This year the world’s attention has been seized by crisis. But a gene therapy to restore sight to the most vulnerable is advancing towards clinical trial, championed by a University of Wisconsin researcher and a Navy SEAL-turned entrepreneur. With a plan to bring a therapeutic for curing blindness in certain pediatric patients in less than 30 months…
To suffer from an ultra-rare disorder means, almost by definition, to suffer alone.
And LCA-16 is an exceptionally rare disorder, so recently discovered that a test has only been available for the last two years. A form of inherited pediatric blindness, an afflicted child will most likely be clinically blind by the age of ten.
Dr. Bikash Pattnaik knows each of their names.
“If anyone could work on this [disease] for a solution at a molecular level, it was me, so I jumped at this opportunity,” he says.
Dr. Pattnaik is a professor in the departments of pediatrics, ophthalmology and visual science at the University of Wisconsin-Madison. He is a physiologist by training with a special interest in blindness due to defective ion channels (or channelopathy).
On a cold spring day in Madison, Dr. Pattnaik is visiting the Wisconsin Alumni Research Foundation, one of the world’s original tech transfer offices, chartered with moving discoveries to market. More often than not, that means surfacing people outside of academia willing to bet on young technology and win capital for projects they believe in.
Enter Jeff Sabados.
Sabados, gracious and intense, describes himself as a selfless leader “with the sickness” to be an entrepreneur. He has co-founded three previous companies and serves as an advisor to several more including two biotech companies developing drugs for PTSD and COVID-19. His chops include six deployments – including time spent in Afghanistan and leading operations off the coast of Somalia – as well as Harvard University and MIT.
Sabados and Pattnaik seem an unlikely pair, but the synergy works.
“Getting to know Bikash, getting to understand his research and his humility and his passion for the patient, I told myself I couldn’t stop,” says Sabados. “This is what I wanted to do.”
Having worked with dozens of university licensing offices and executed 11 different licensing agreements, he says the WARF team “has easily been the best technology licensing office team I’ve ever worked with.”
The innovation that has brought this group together is a potential first-in-class gene therapy to halt retinal degeneration and restore vision to the handful of LCA-16 patients known to science, with some promising applications in other retinal disorders that impact millions of people worldwide.
Pattnaik explains that LCA (or Leber’s congenital amaurosis) is a family of disorders all caused by different gene mutations. While a few major pharma companies – Allergen/Editas and Roche – have developed or are developing therapies for other, more common forms of the disease, LCA-16 currently has no approved therapies.

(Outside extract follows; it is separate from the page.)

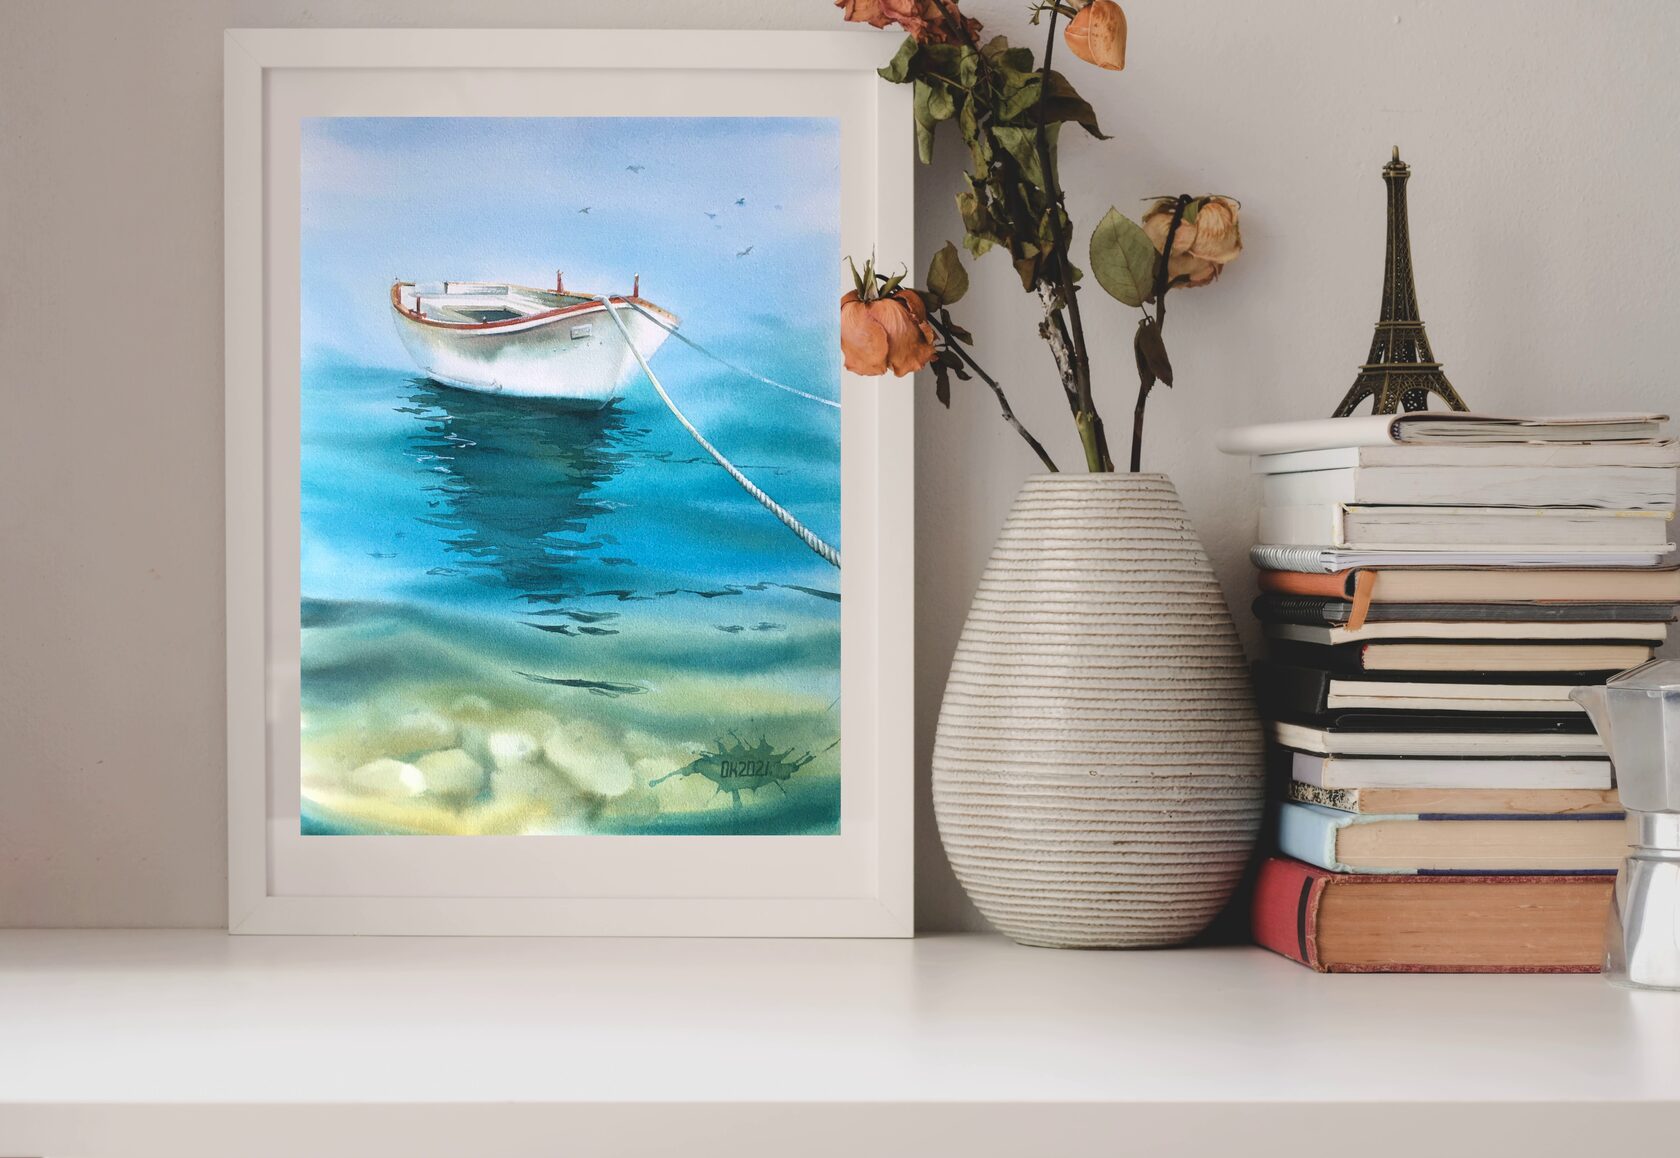 Boat at Sea painting
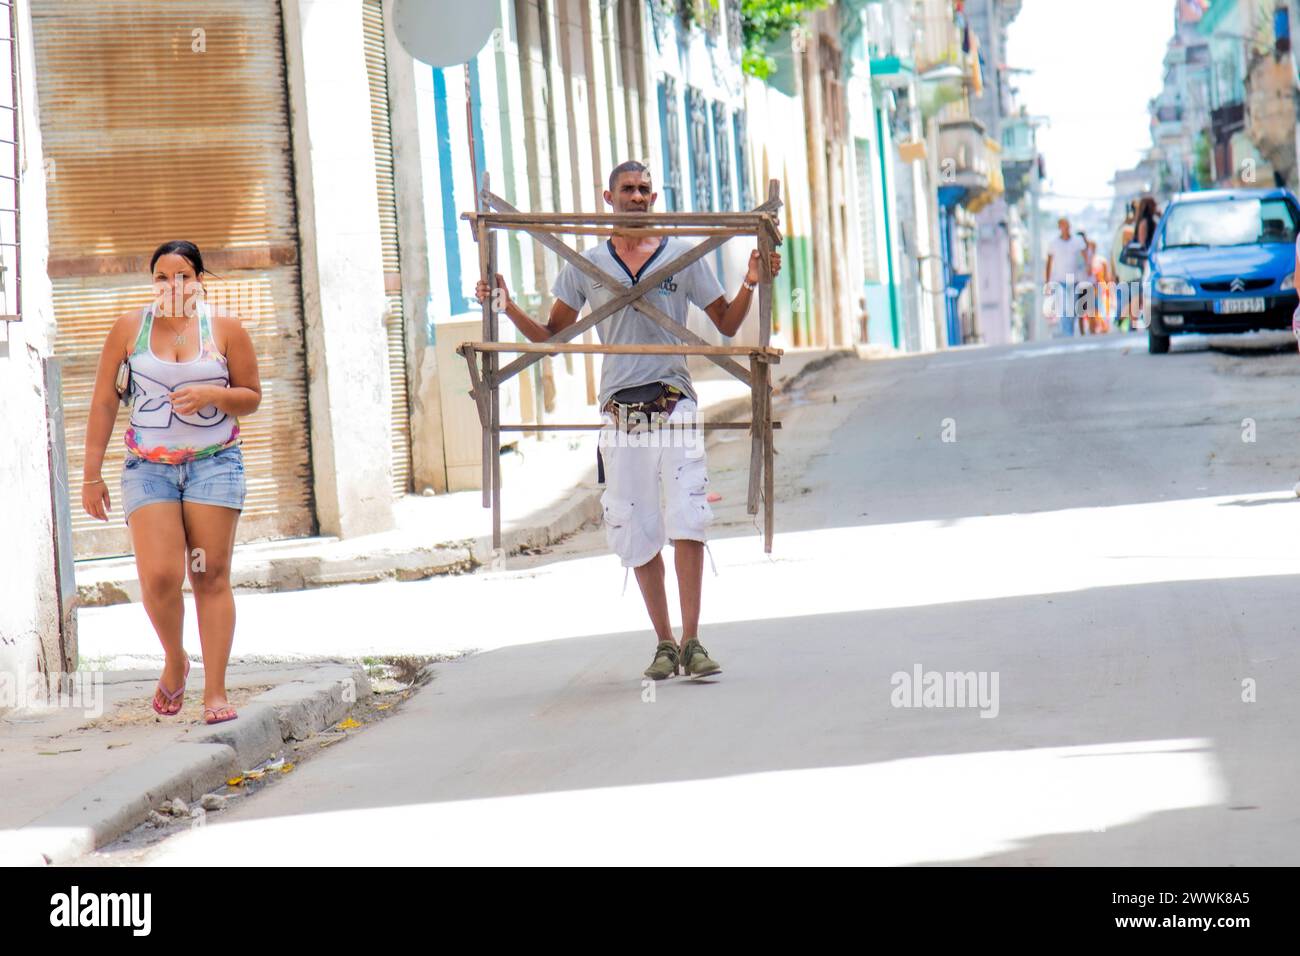 Ein kubanischer Mann trägt ein hölzernes Objekt mitten auf der Straße in Havanna, Kuba, während eine Frau auf dem Bürgersteig entlang läuft. Stockfoto

He explains that this particular form of the disease is caused by mutations in a gene called KCNJ13, causing dysfunction of an ion channel and thus degrading the ability of photoreceptor cells to encode visual stimuli. LCA-16 is so rare – only affecting individuals of Middle Eastern descent – that the mutations may have originated from a single family line.
In simplified terms, Pattnaik wants to use a viral vector to deliver healthy copies of the gene via injection deep in the eye. In a proof-of-concept study, he showed that this ‘gene augmentation’ approach can rescue ion channel function in retinal pigment epithelial (RPE) cells derived from the stem cells of affected individuals.
It has worked in diseased mice. He is confident it will work in patients.
Sabados is confident too. If everything goes well they plan to begin treating patients next summer, potentially curing their blindness within a matter of weeks. Admittedly, raising venture capital during the COVID-19 crisis has been no small feat. But the company Sabados founded to move this project forward is called Hubble Therapeutics – a homage to the aspirational.
Despite the pandemic, “the impetus and the struggle and the sense of urgency around biotech” has never been greater, he says. The humanitarian significance of the LCA-16 project is manifest. But key to incentivizing it is an FDA program Sabados calls “one of the best acts of legislation Congress has done.”
To encourage life science companies to develop therapies for very small patient populations, the FDA can award a voucher promising accelerated (versus “standard”) drug product review. Such companies can sell these vouchers, or golden tickets, to other companies keen on moving their own drug to market faster.
In the world of big pharma, getting a blockbuster drug into the market six months early can yield enormous additional profit. So much so that FDA vouchers have been bartered between companies for hundreds of millions of dollars.
But perhaps most importantly, Pattnaik believes that news of the treatment for LCA-16 may percolate through communities throughout the world, inspiring untold others to seek treatment for a disease they assumed was hopeless.
“That’s the most important goal,” he says. “To reach out to a broader mass so that people are aware that this [disease] is now worked out, and we do have a treatment developed.”
For Sabados there is also a lesson in this story about humility, passion and the essence of basic research.
“Early stage university research is able to look outside the box at next-generation therapeutic solutions. If you look at our biotech industry, which will literally save the world, a lot of the transformational companies developing life-saving therapeutics today came from a university research team with a lab bench.
“Universities are the solution… and the University of Wisconsin is one of the best.”